--- START ---

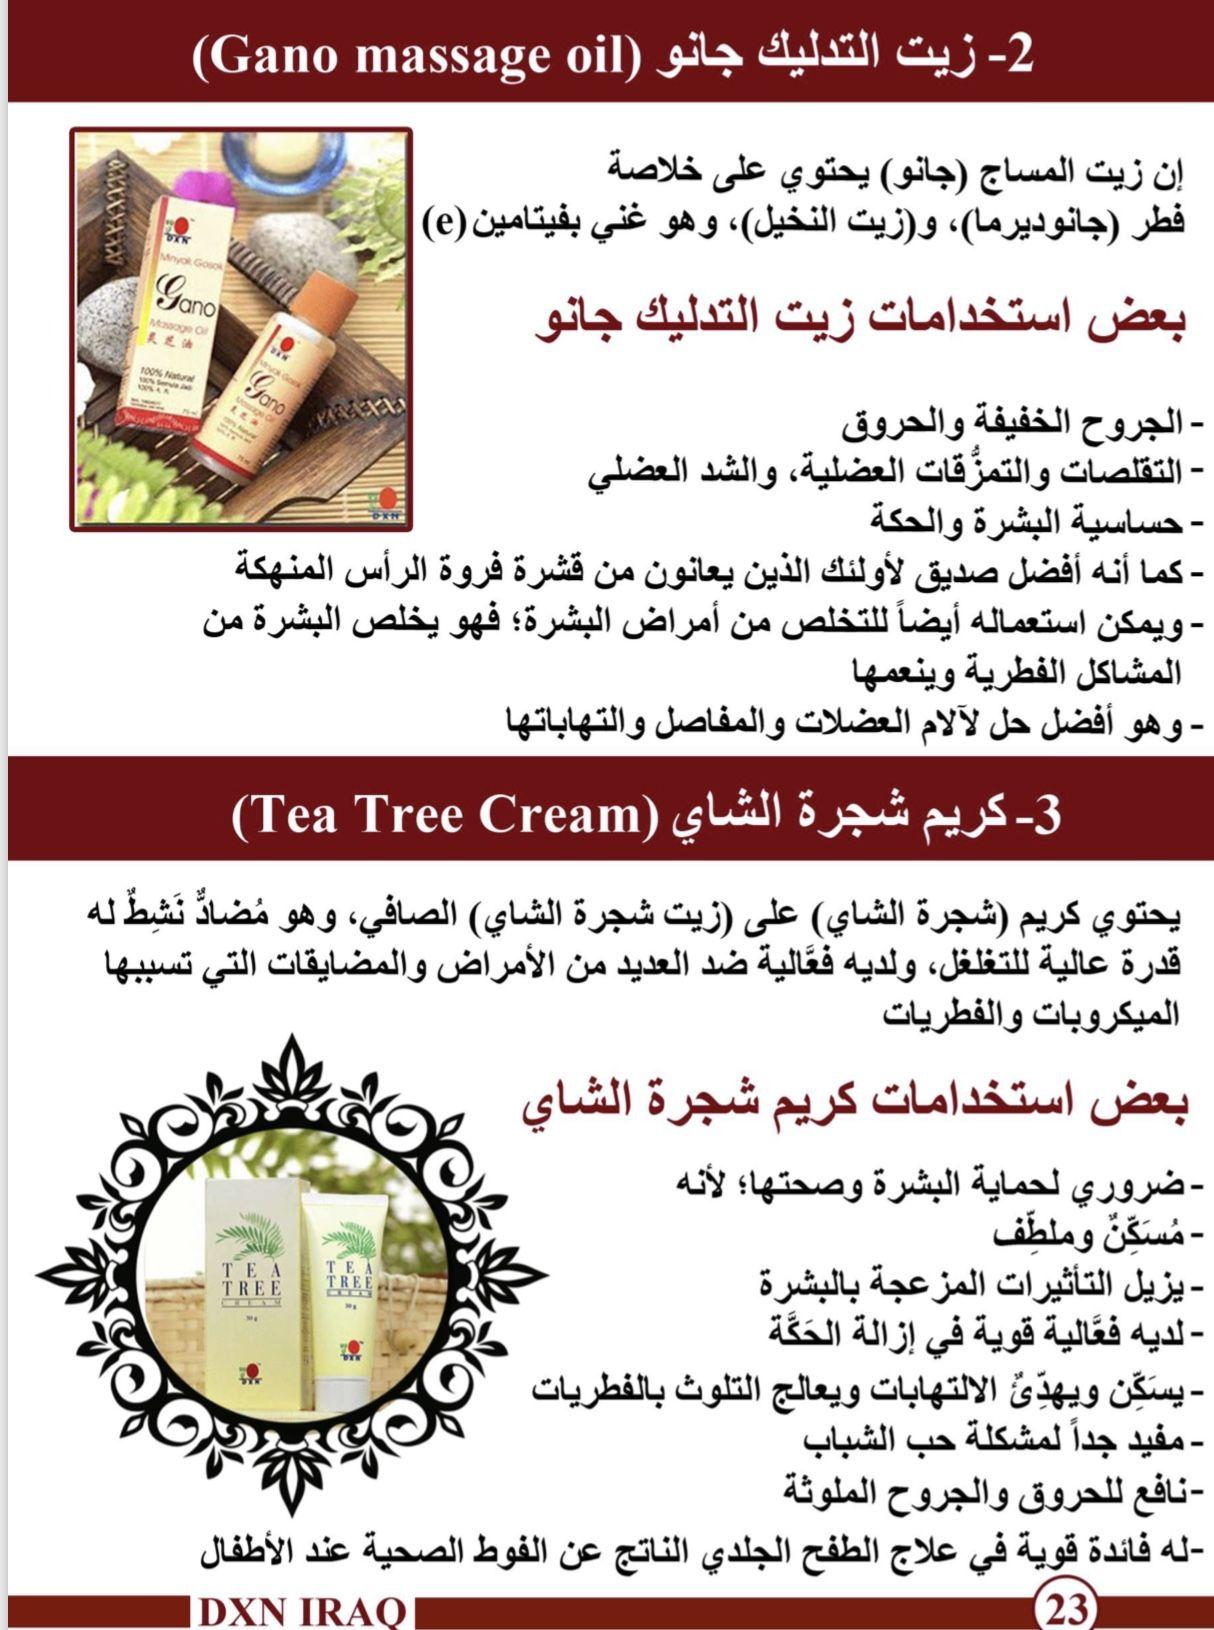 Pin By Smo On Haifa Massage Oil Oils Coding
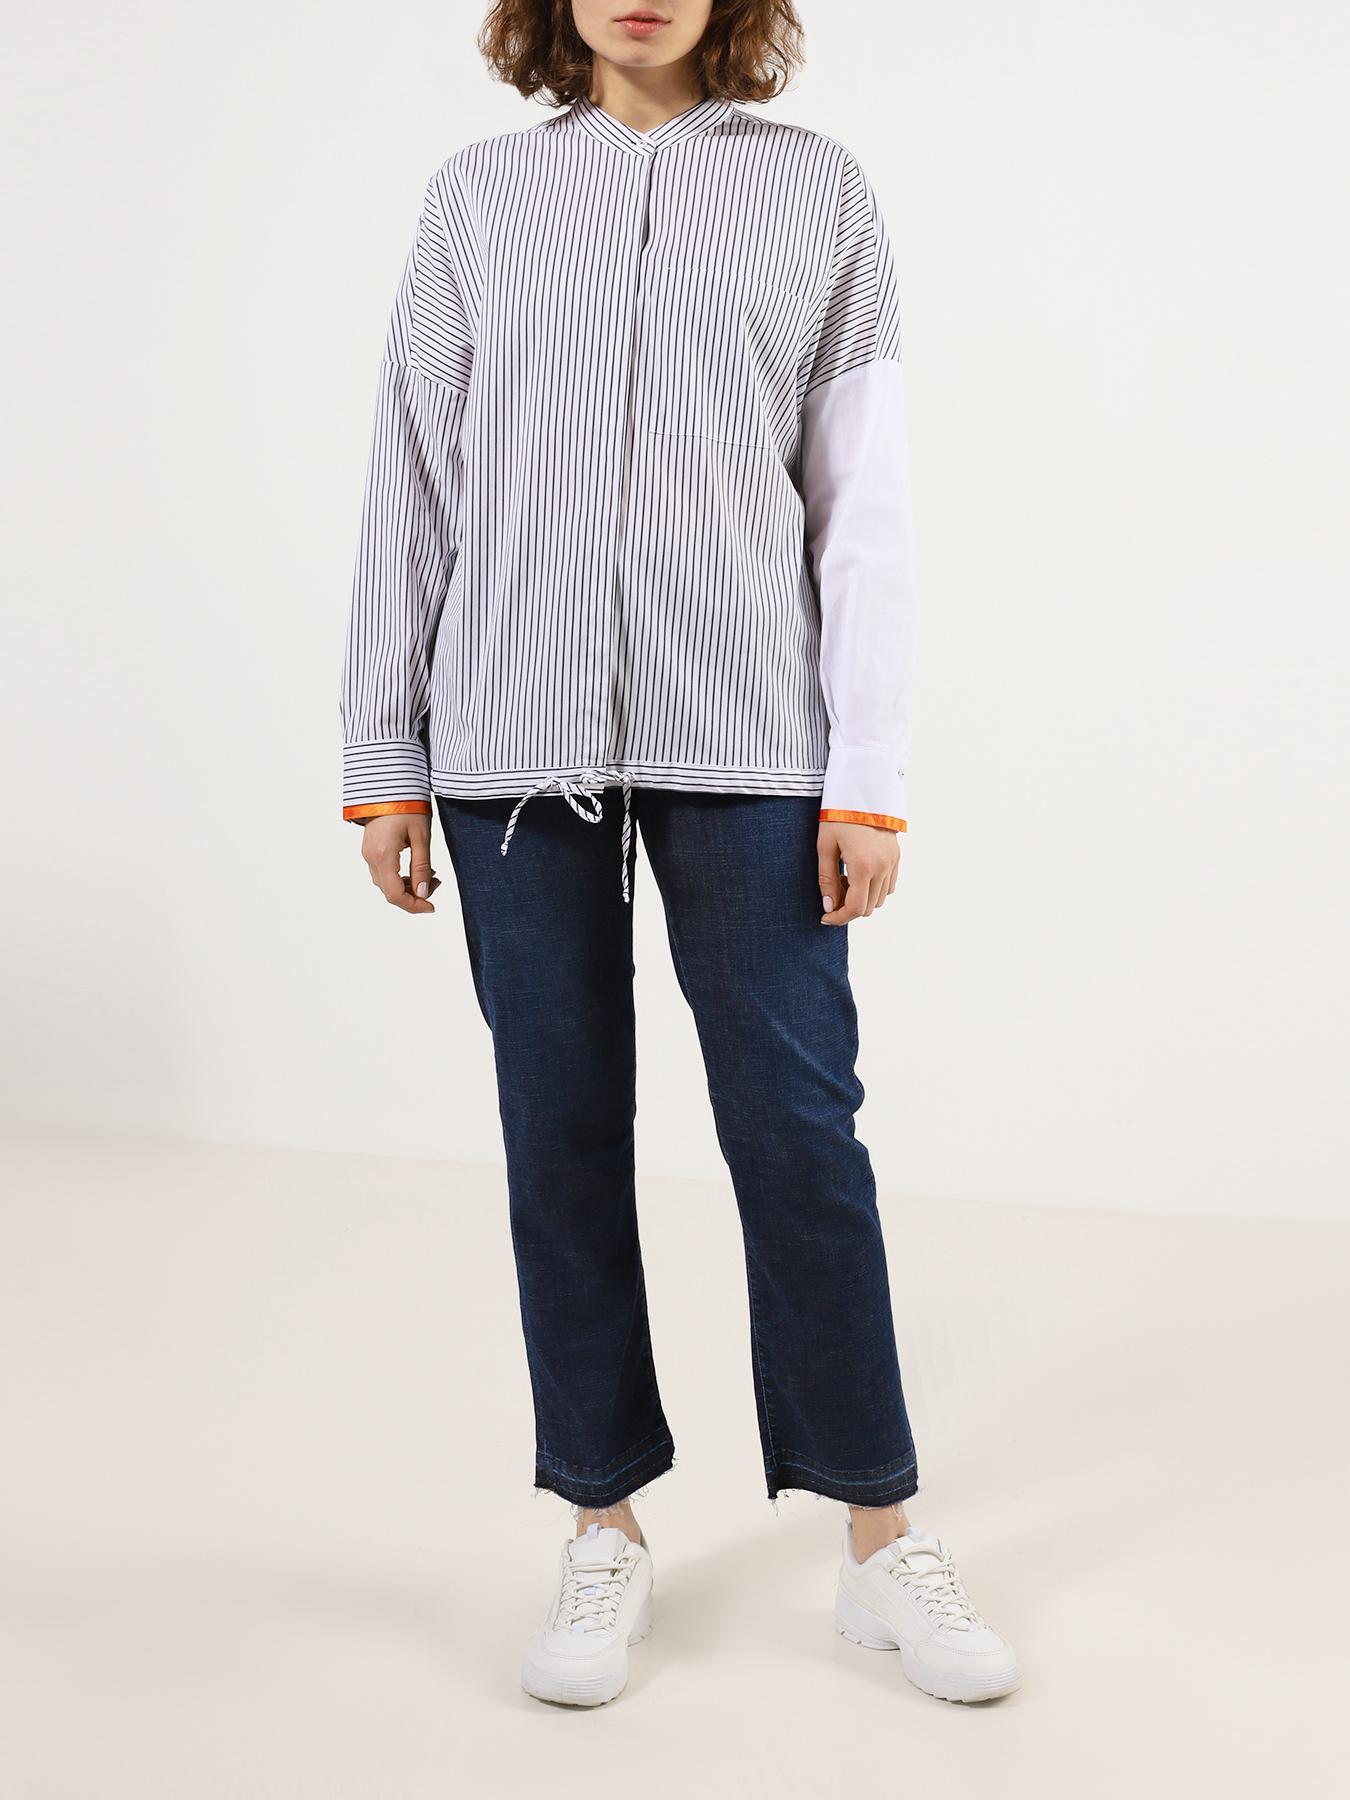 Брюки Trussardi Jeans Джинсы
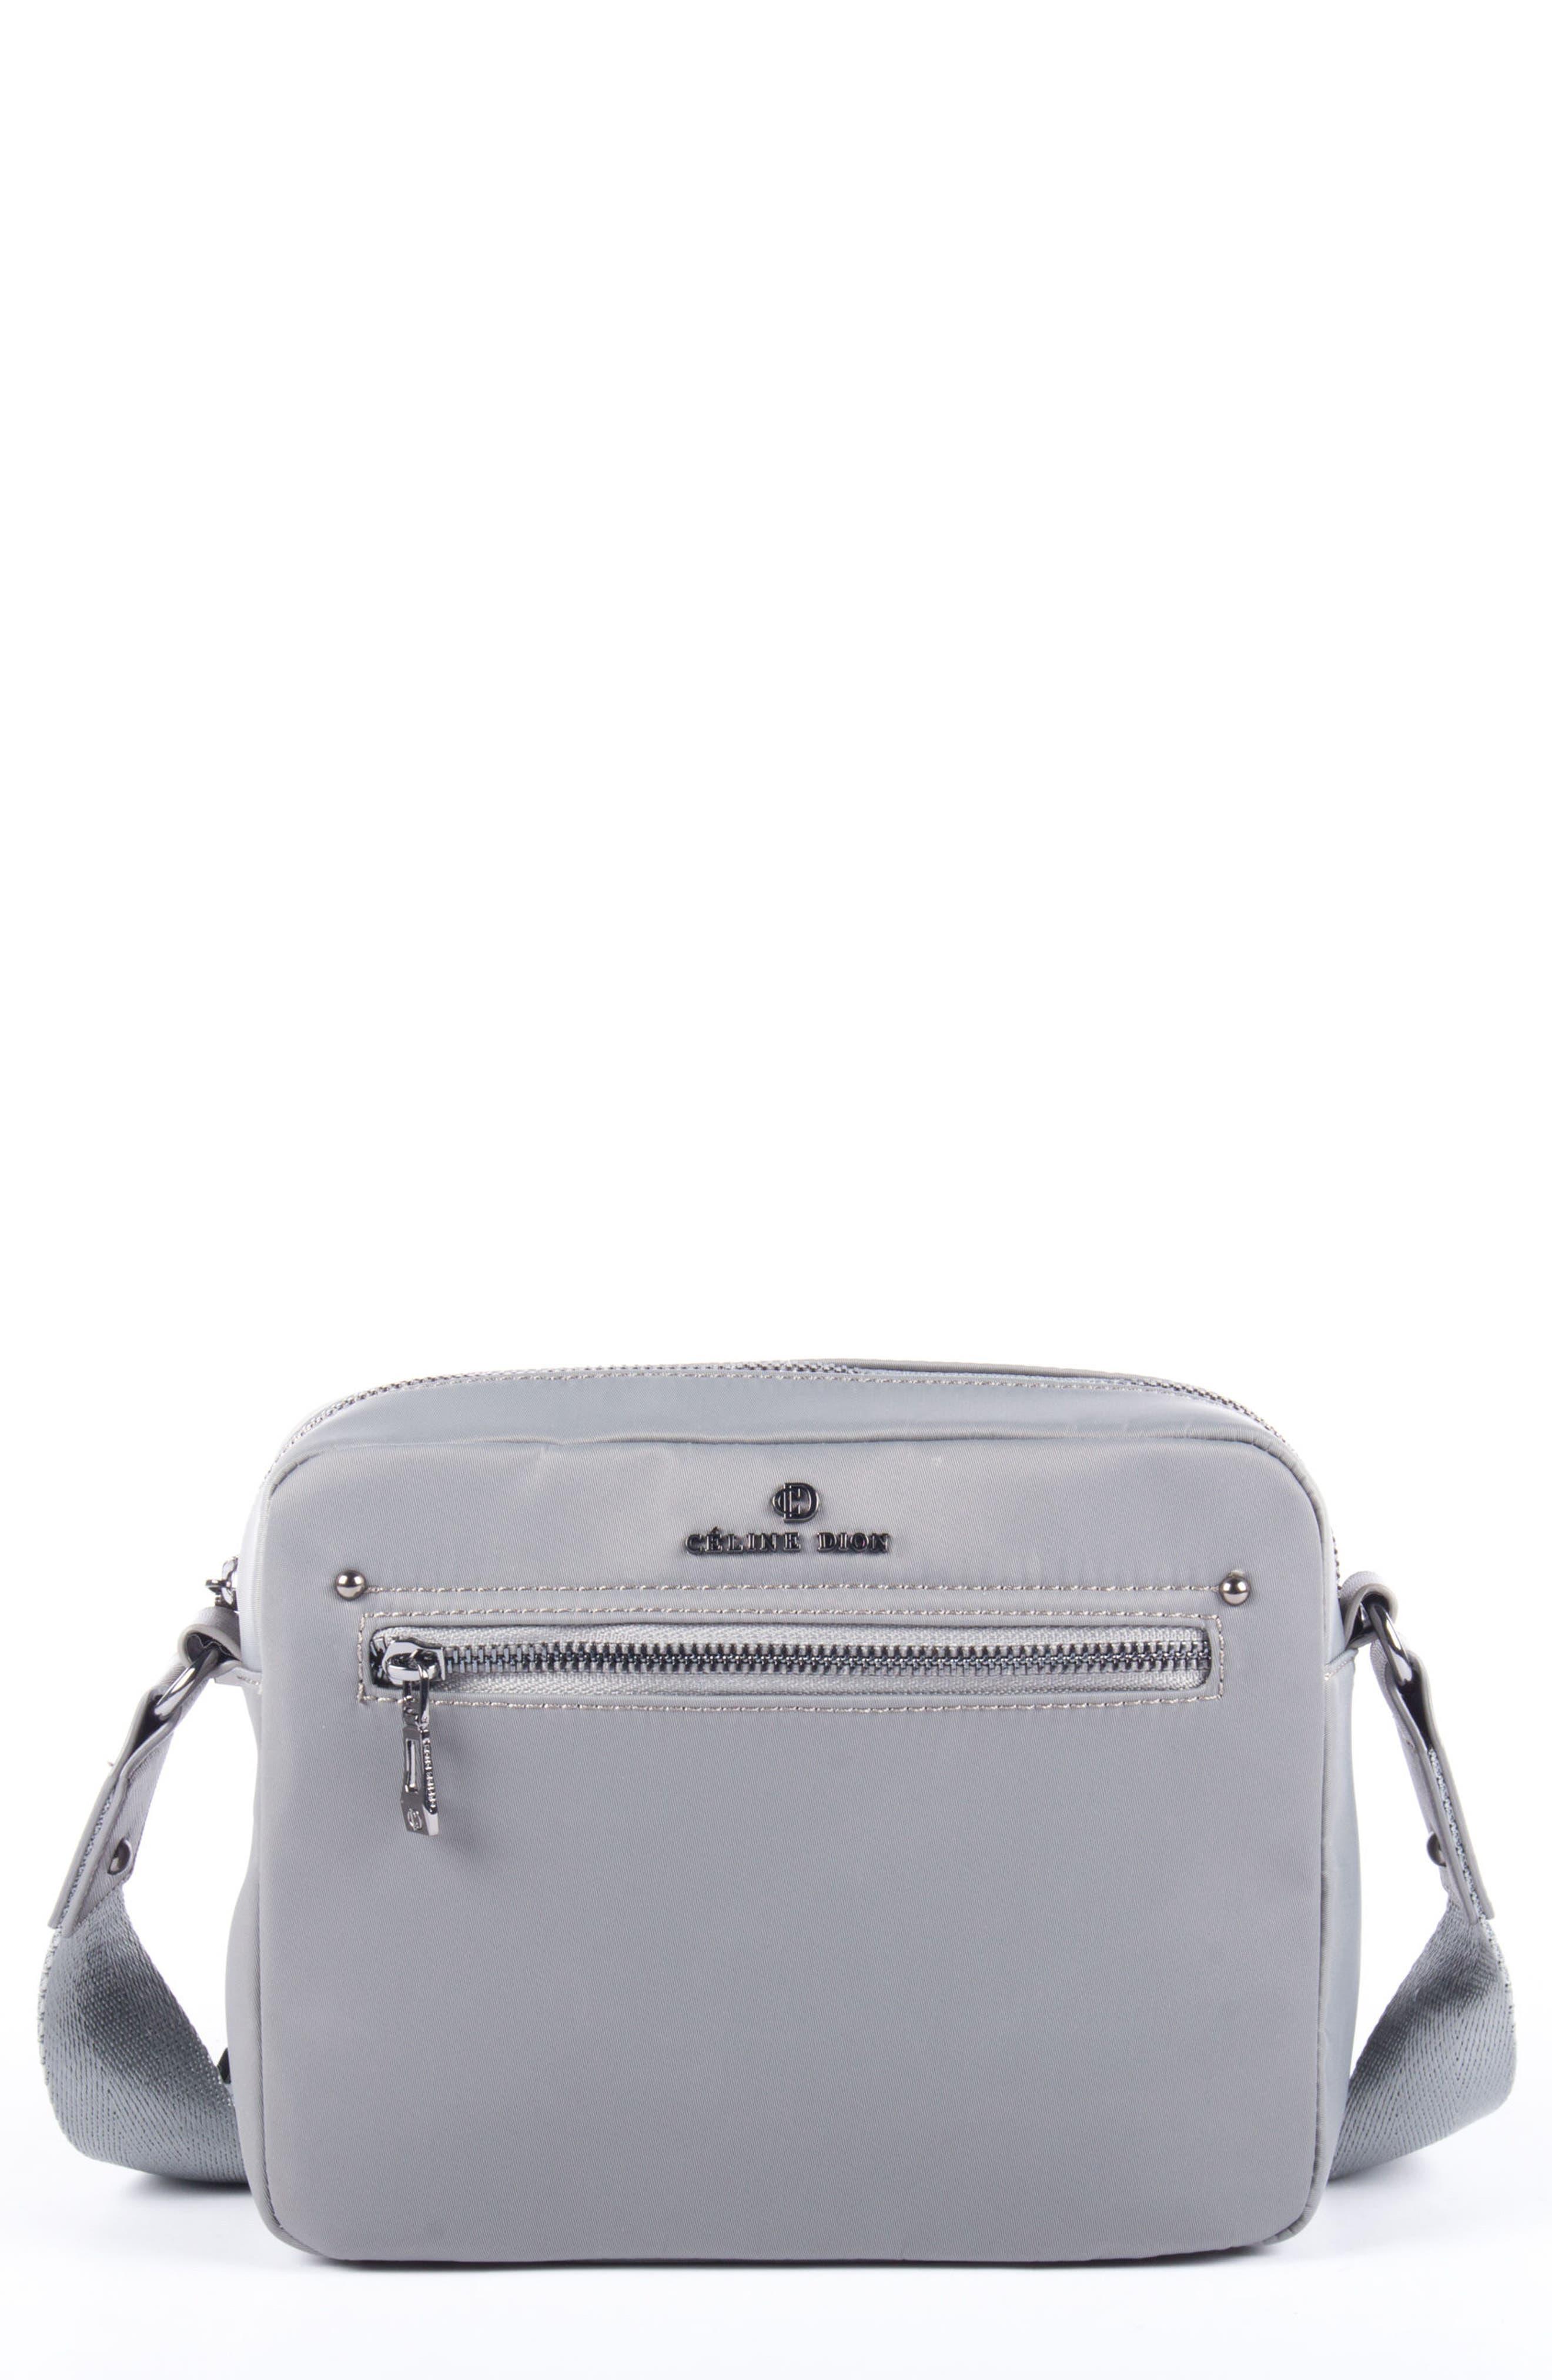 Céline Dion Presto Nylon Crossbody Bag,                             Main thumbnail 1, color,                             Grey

--- END ---

__Work to be completed__: Exclude the images and reproduce the remaining data exactly.

__Exercise answer__:
 Pin By Smo On Haifa Massage Oil Oils Coding
 Брюки Trussardi Jeans Джинсы
 Céline Dion Presto Nylon Crossbody Bag,                             Main thumbnail 1, color,                             Grey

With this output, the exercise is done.